Миссис Фелпс из «Церкви земли и моря», крупная, сильно напудренная дама в мехах, встречавшая гостей под золотыми часами у расписания поездов, в ответ на восторги миссис Кэнфилд прихлопнула руками в перчатках:
– Видели бы вы, что здесь было неделю назад! Зрительские места стояли амфитеатром, а хор Метрополитен-оперы в красно-бело-синих одеждах изображал государственный флаг!
«Нью-Йорк воистину “сногсшибатель”», – подумала Сара, вспомнив последний приезд цирка в Веллингтон. Клоун вывез на тележке огромный красный конус, на боку которого было написано СНОГСШИБАТЕЛЬ. Перескочив через барьер, коверный собрал у публики всякие мелкие вещицы и одну за другой затолкал их в узкий конец конуса. Барабанная дробь, ахнули тарелки, взрыв – и из раструба вылетели предметы, невероятно изменившиеся в размерах: носовой платок стал простыней, монета – золотым слитком, бутоньерка Сариного отца – большим цветущим деревом.

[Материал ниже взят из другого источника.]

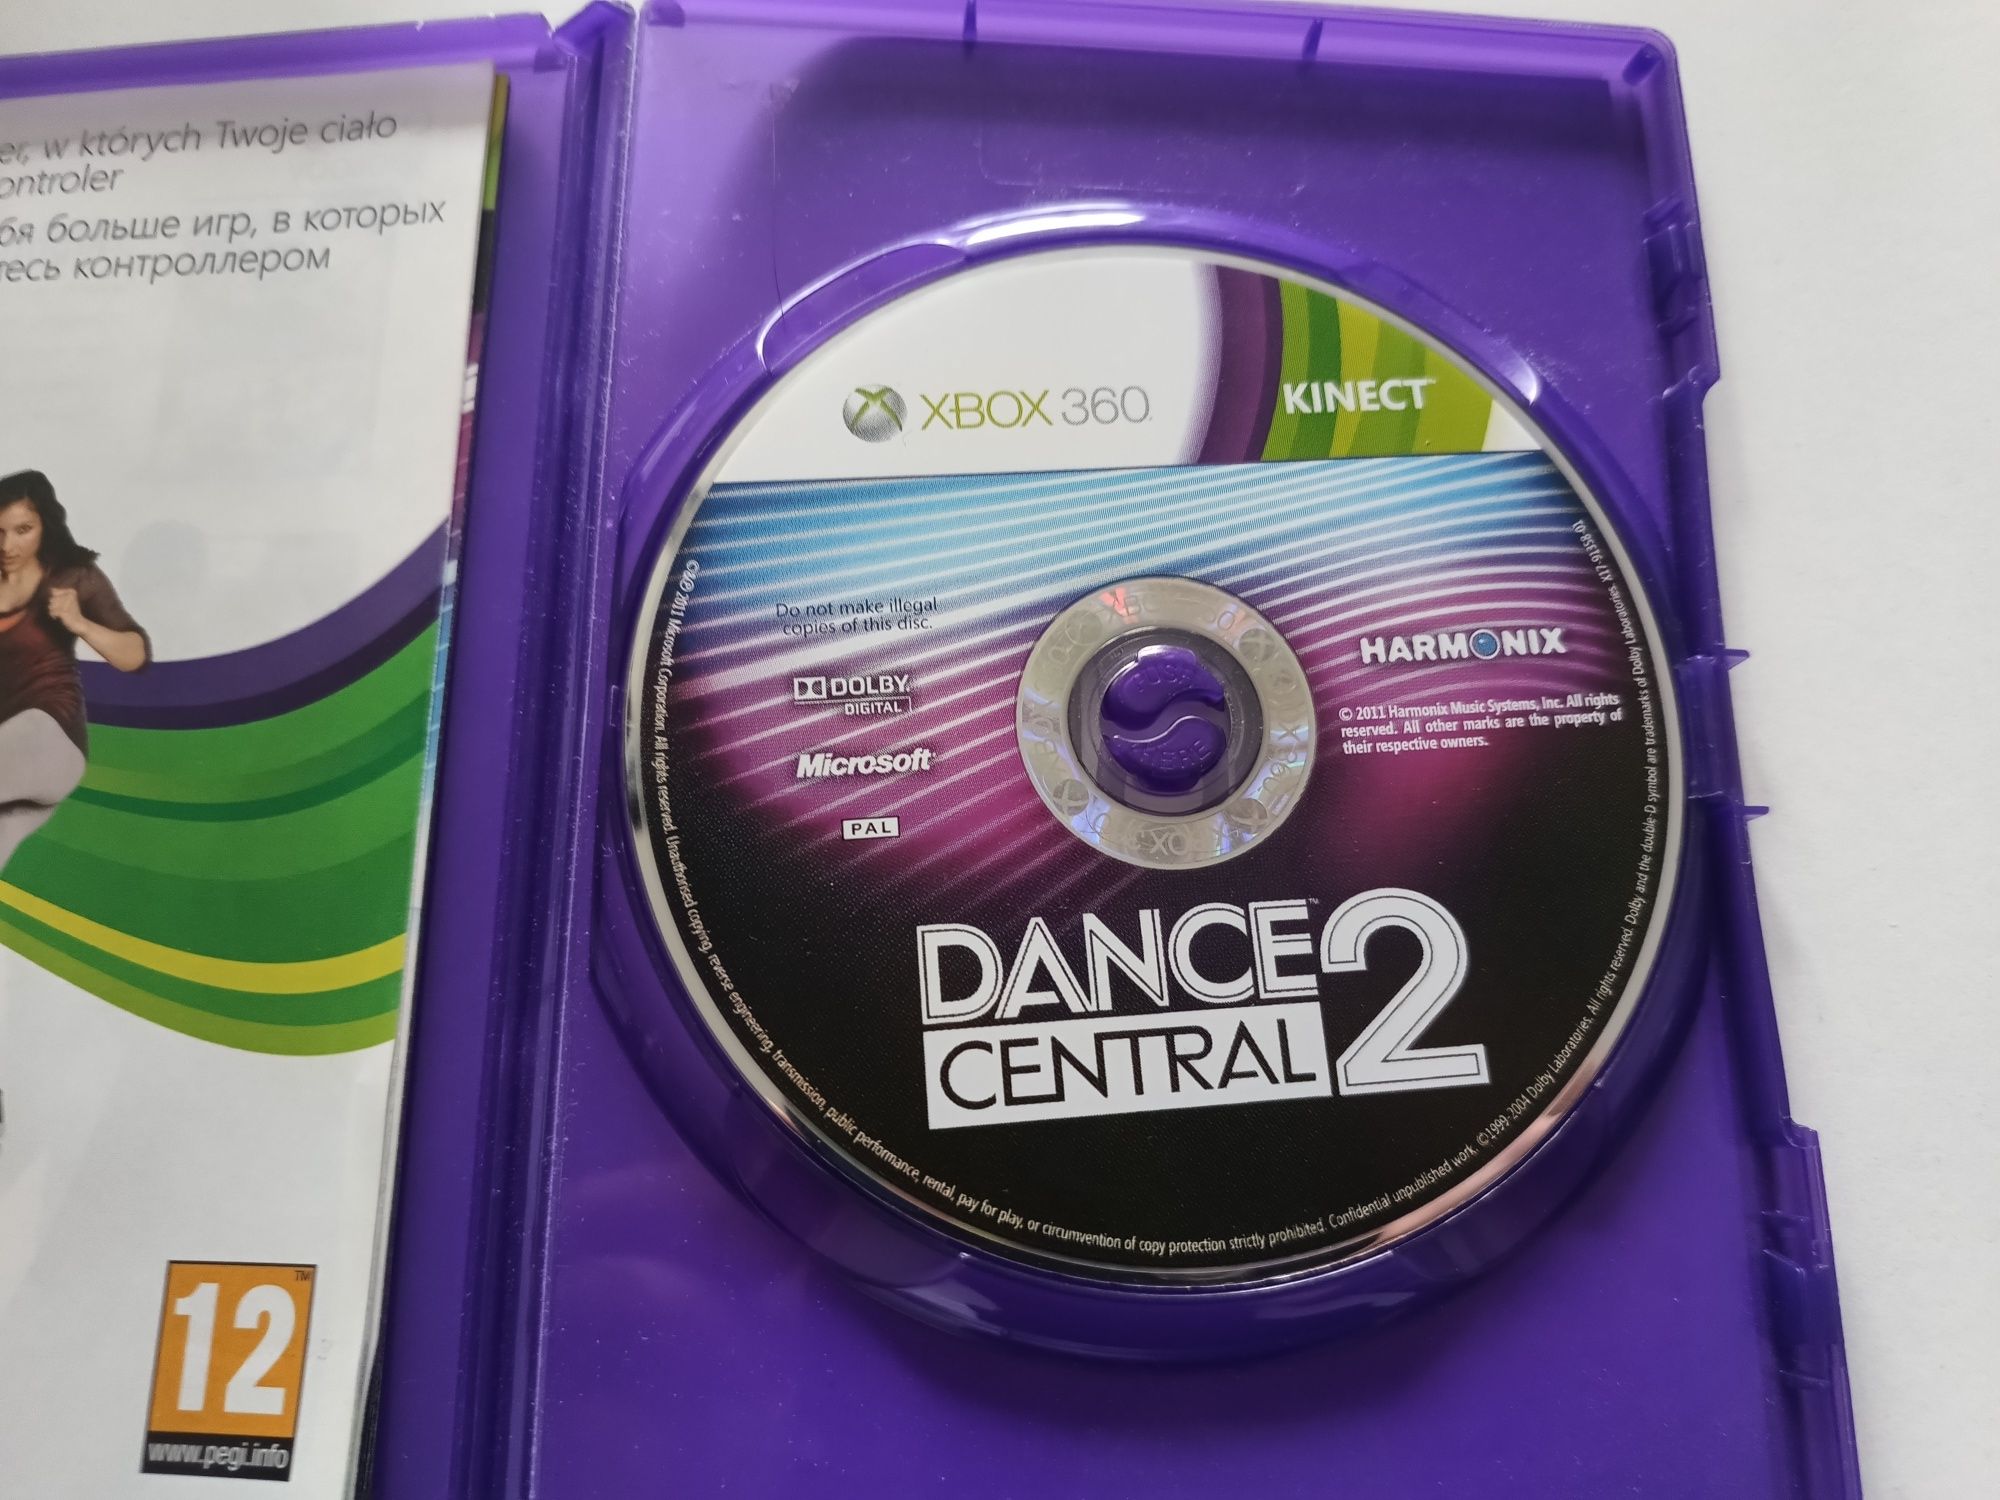 Gra Xbox 360 Kinect Dance Central 2 - Polska wersja

Сара любила ездить в Нью-Йорк, однако с не меньшей охотой возвращалась домой к не столь лихорадочной жизни. Обитай она в Нью-Йорке, и, пожалуй, умерла бы от хронического перевозбуждения.
* * *
– Поедем подземкой, хорошо? – сказала миссис Фелпс, возглавив процессию. – В такую погоду это самый удобный вид транспорта. В двуколку мы все не поместимся, а трамвай весьма ненадежен. Стоит снегу слегка припорошить рельсы, как вожатому приходится поминутно выходить, чтоб лопатой расчистить пути.

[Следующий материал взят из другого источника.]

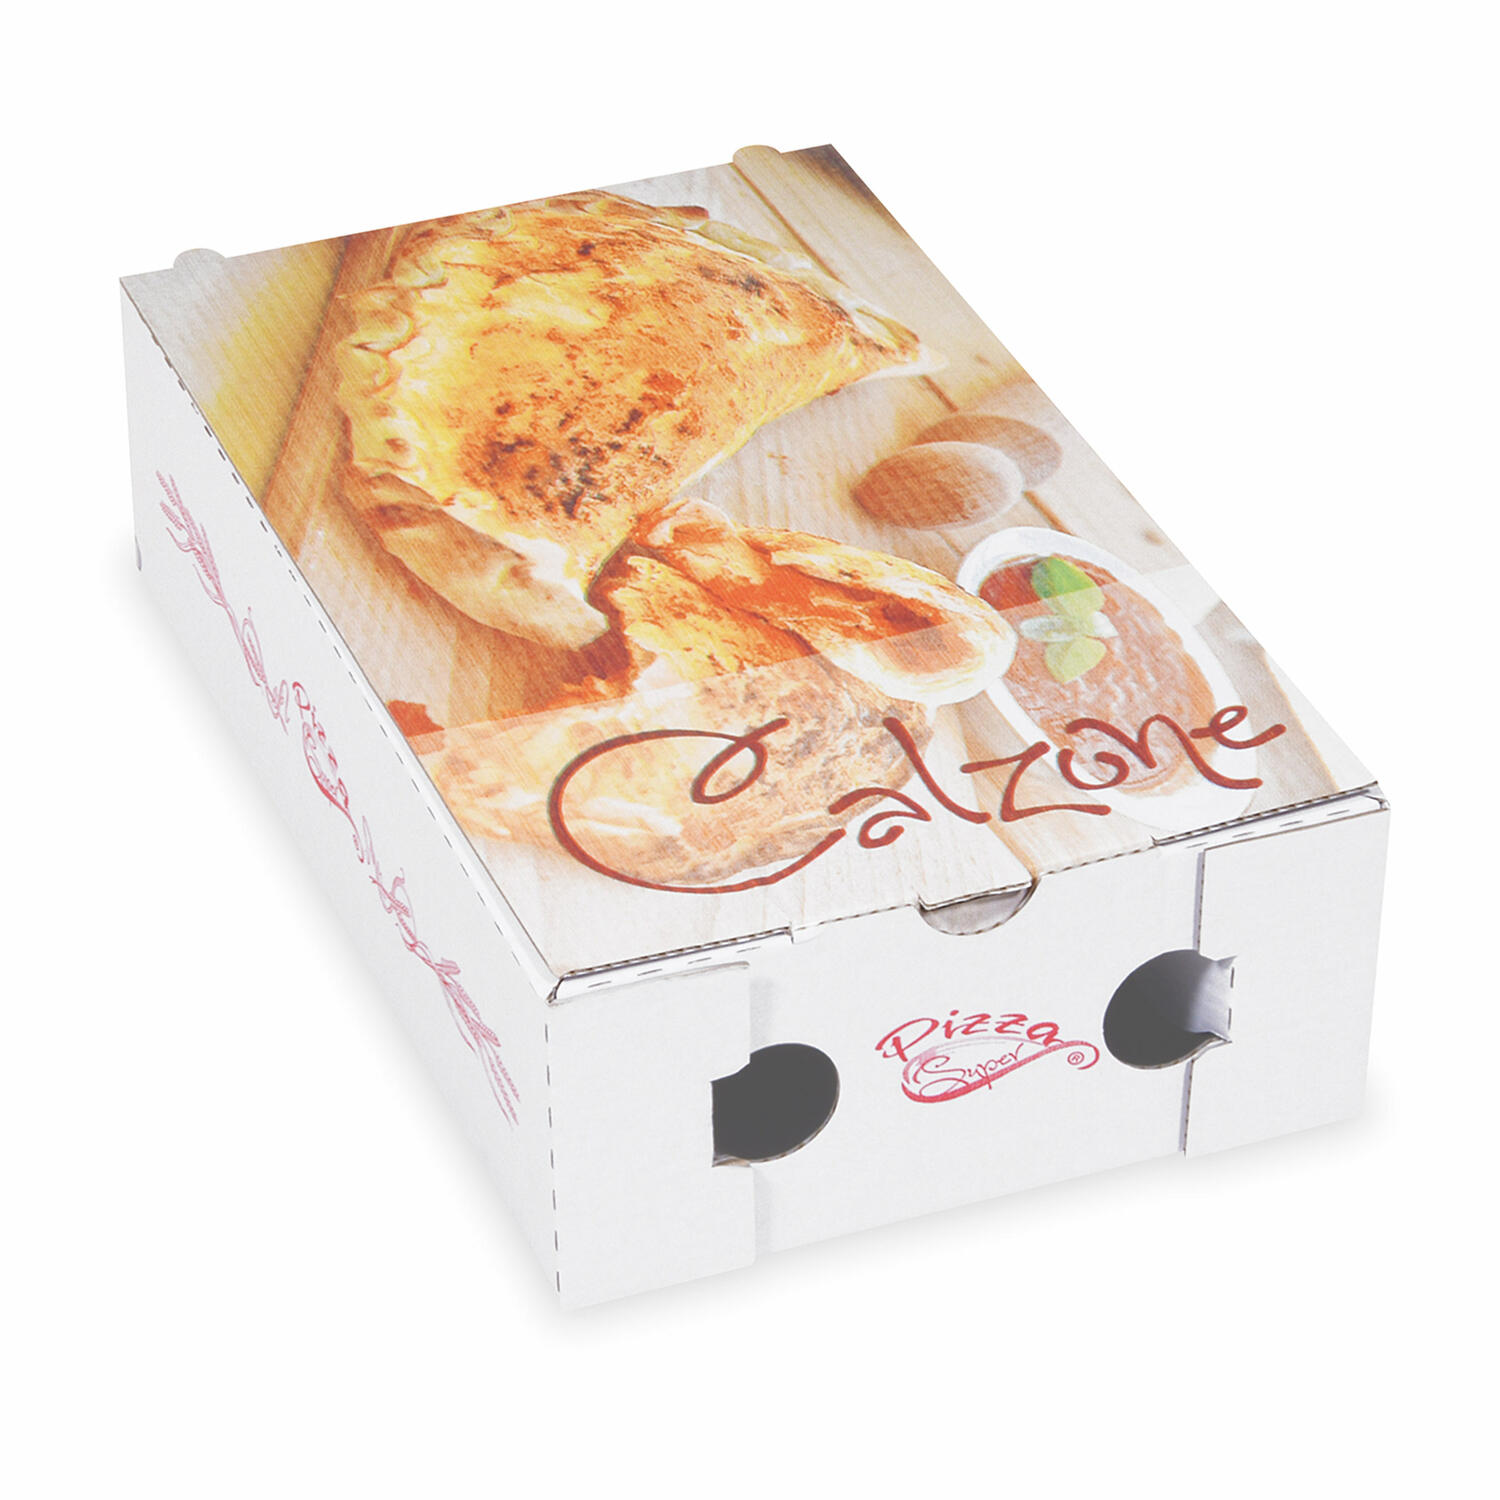 Pizzakarton CALZONE mit neutralem Motiv 27 x 16,5 x 7,5 cm

В вагоне усевшись на плетеное сиденье, Сара расправила юбку, дабы не зацепиться за вылезший прутик, – однажды вот так вот отец порвал брюки. Клара и Дотти расположились по бокам от нее, но скрежет колес не давал разговаривать, позволяя только молча разглядывать других пассажиров, которыми в это время дня были в основном дамы. Оказалось, нынче в моде приталенные пальто без накладных плеч. А шляпки! Всевозможных форм, они были украшены не только лентой, но и перьями. Головной убор женщины, что сидела напротив, венчал целый веер ярких перьев. Похоже, кампания по защите птиц, развернутая миссис Рузвельт и Одюбоновским обществом, не убедила нью-йоркских модниц.
Над шляпками сияли рекламные плакаты, расхваливавшие превосходные свойства крахмала для стирки, тонизирующих напитков, виски, полироля для плит. Мужчина на рекламе сигар «Белая сова» весьма походил на Эдмунда.

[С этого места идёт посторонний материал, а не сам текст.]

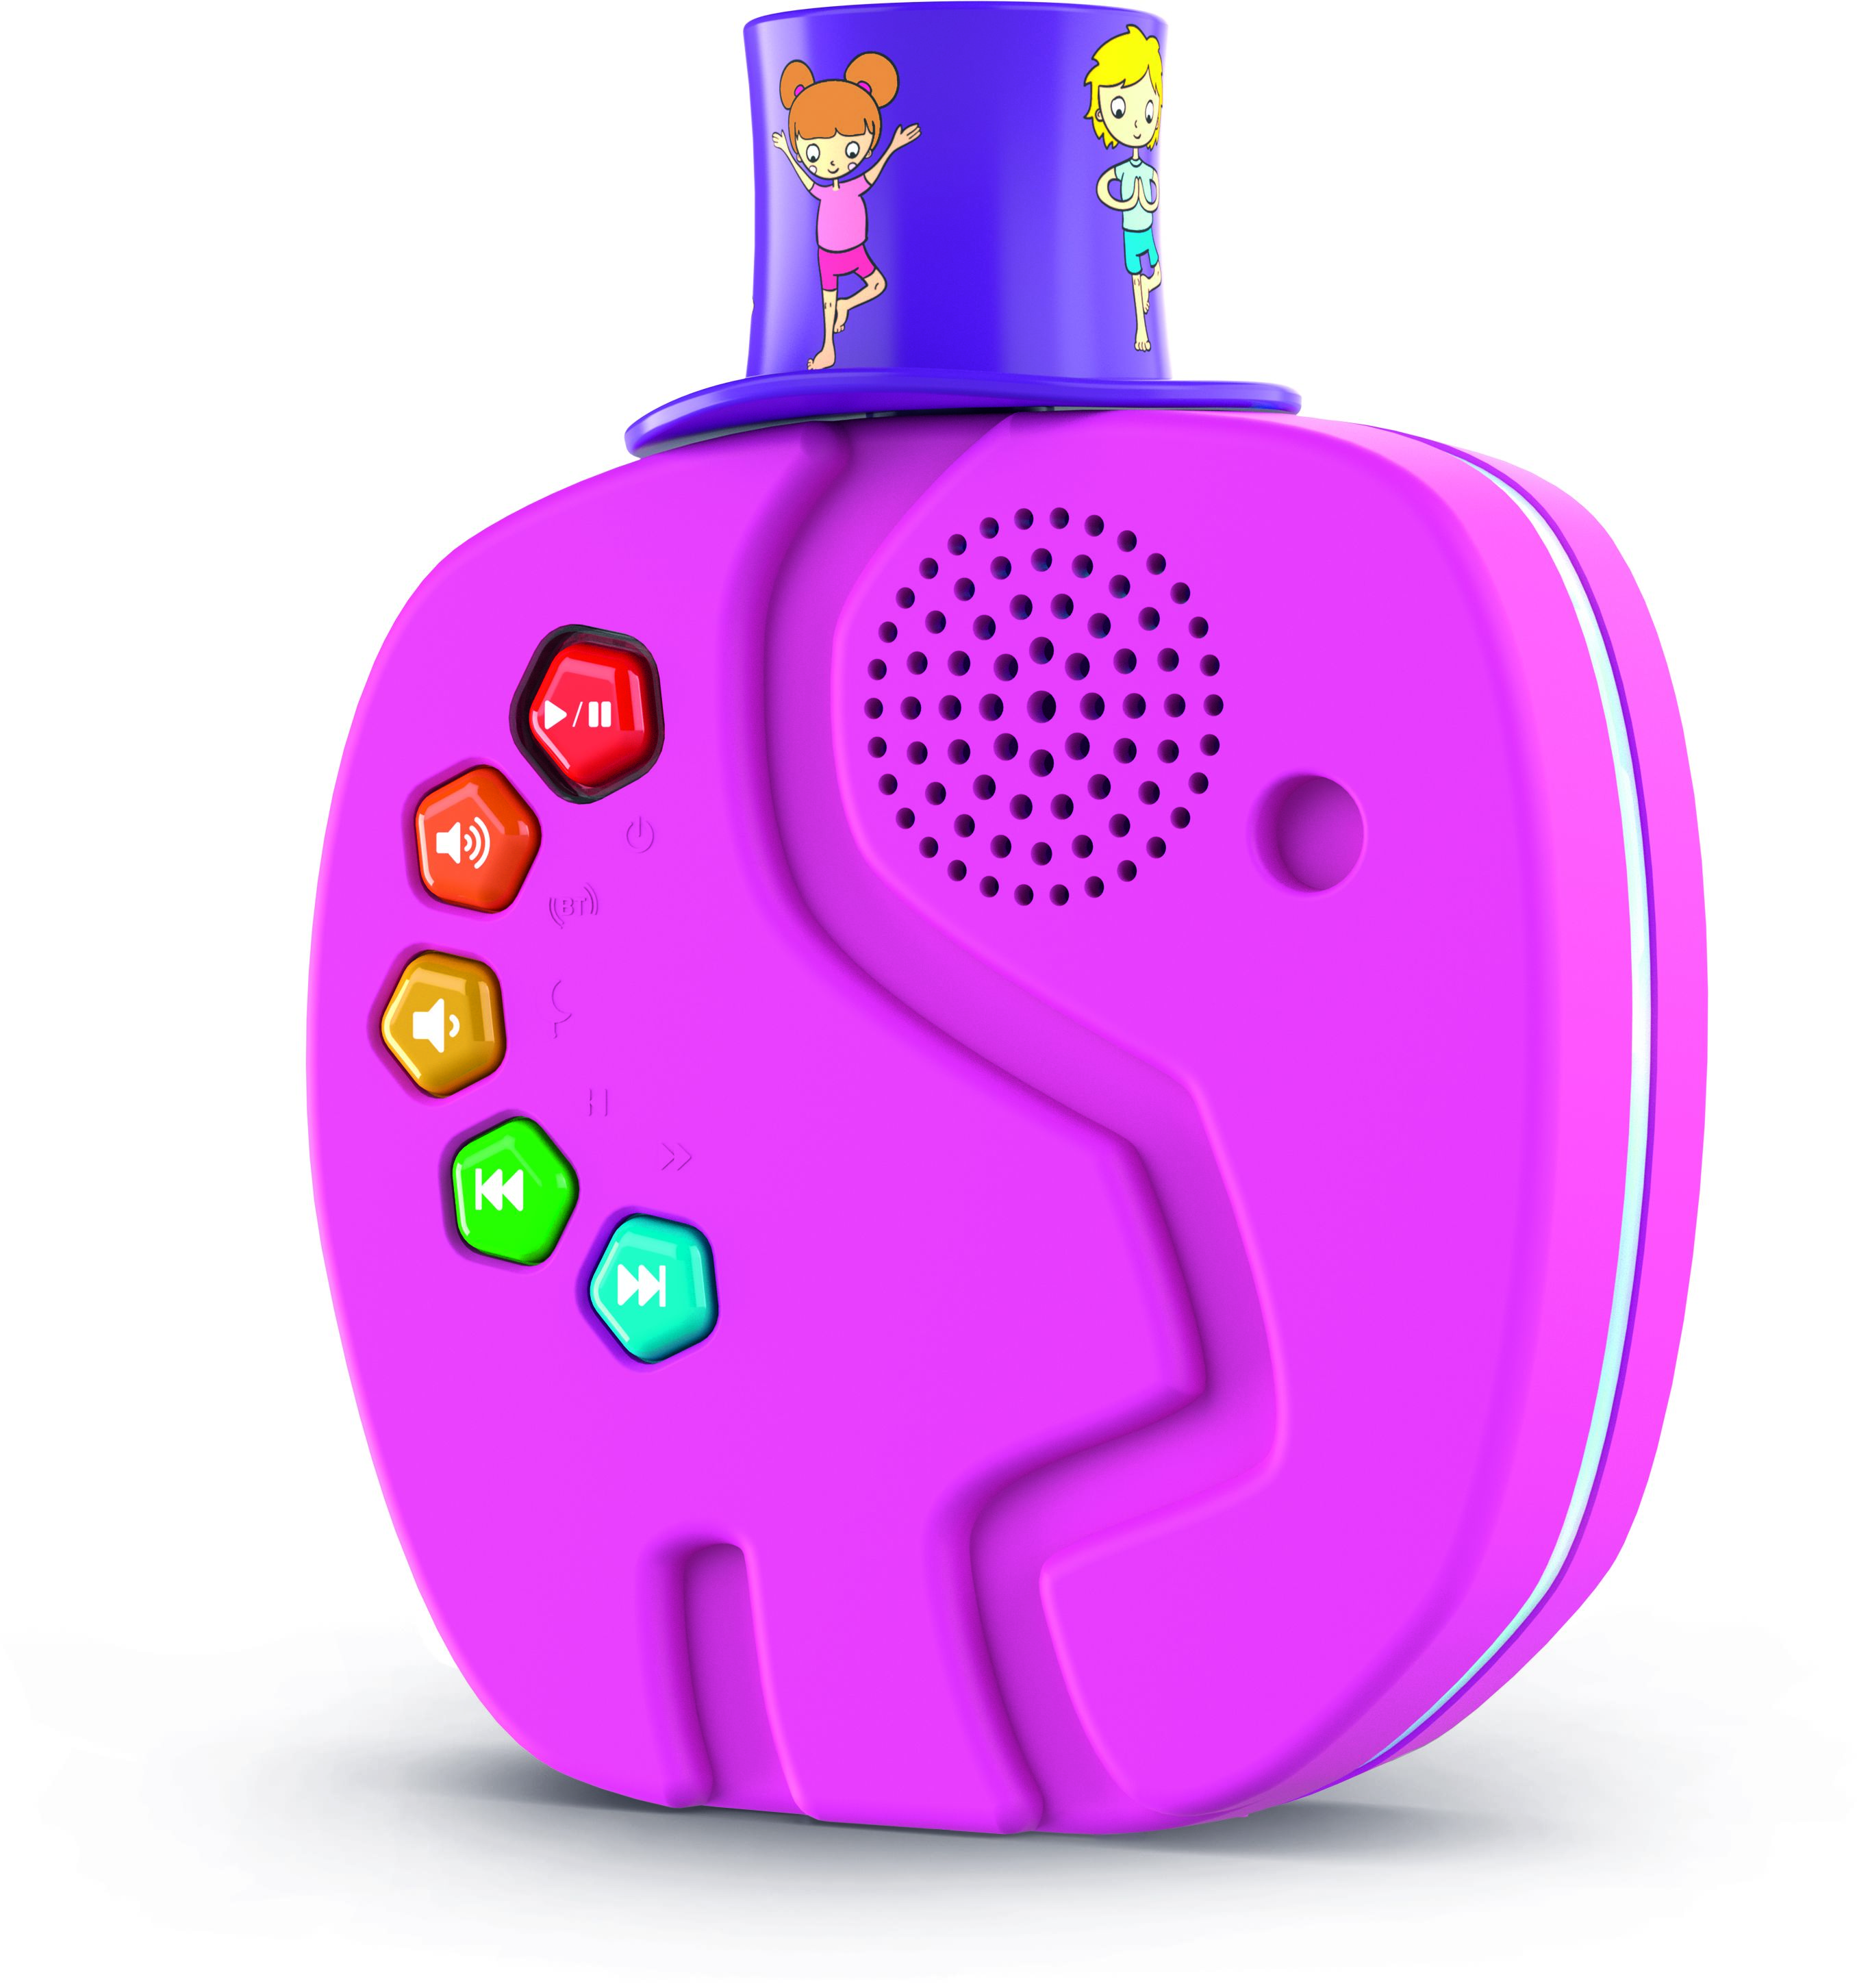 Audioplayer im für Kinder TECHNIFANT-Look, TECHNIFANT Pink TECHNISAT

После бала у Редфилдов Сара и Эдмунд несколько раз виделись. Сару взволновало, что вскоре после маскарада Эдмунд нанес визит в Холлингвуд. Предлогом стала необходимость консультаций с ее отцом по городским делам, но долгий взгляд Эдмунда на Сару раскрыл ей истинную цель его прихода. Похоже, ее понял и отец. Якобы за какими-то бумагами он ушел в свой кабинет, где пробыл неоправданно долго, оставив молодых людей наедине. В гостиной им никто не мешал, и только Нетти бесшумно подала чай.
Больше всего Сару впечатляла прямота ее избранника. Эдмунд не заигрывал, не хвастал, не льстил. Невзирая на лица, он всегда говорил, что думает. Видимо, это качество и направило его на стезю юриста.
Однако Сару тревожило, что их сухая беседа забиралась в столь высокие сферы, где невозможно укорениться любви.
Например, во время их уединения Эдмунд рассказал, сколько дюймов снега выпало в нынешнем году, и детально поведал о матушкином средстве от гриппа – настое хрена с засахарившимся медом. Слушая его, Сара впала в отчаяние, ибо разговор их уподобился заплутавшему кораблю и она, неопытный капитан, никак не могла выправить его курс.
Сара слышала о женских уловках направлять разговор, но сама ими не владела. В школе Кэтрин Бичер она постигала только академические предметы, необходимые для раннего умственного и духовного развития ее будущих детей. Кое в чем ей остро не хватало материнской подсказки, которую получали другие девушки. Хотя вот Рейчел спокойно обходилась без наставлений. На последнем благотворительном обеде Сара поразилась, увидев, как мужчины, окружившие сестру, завороженно внимают ее рецепту фруктового печенья.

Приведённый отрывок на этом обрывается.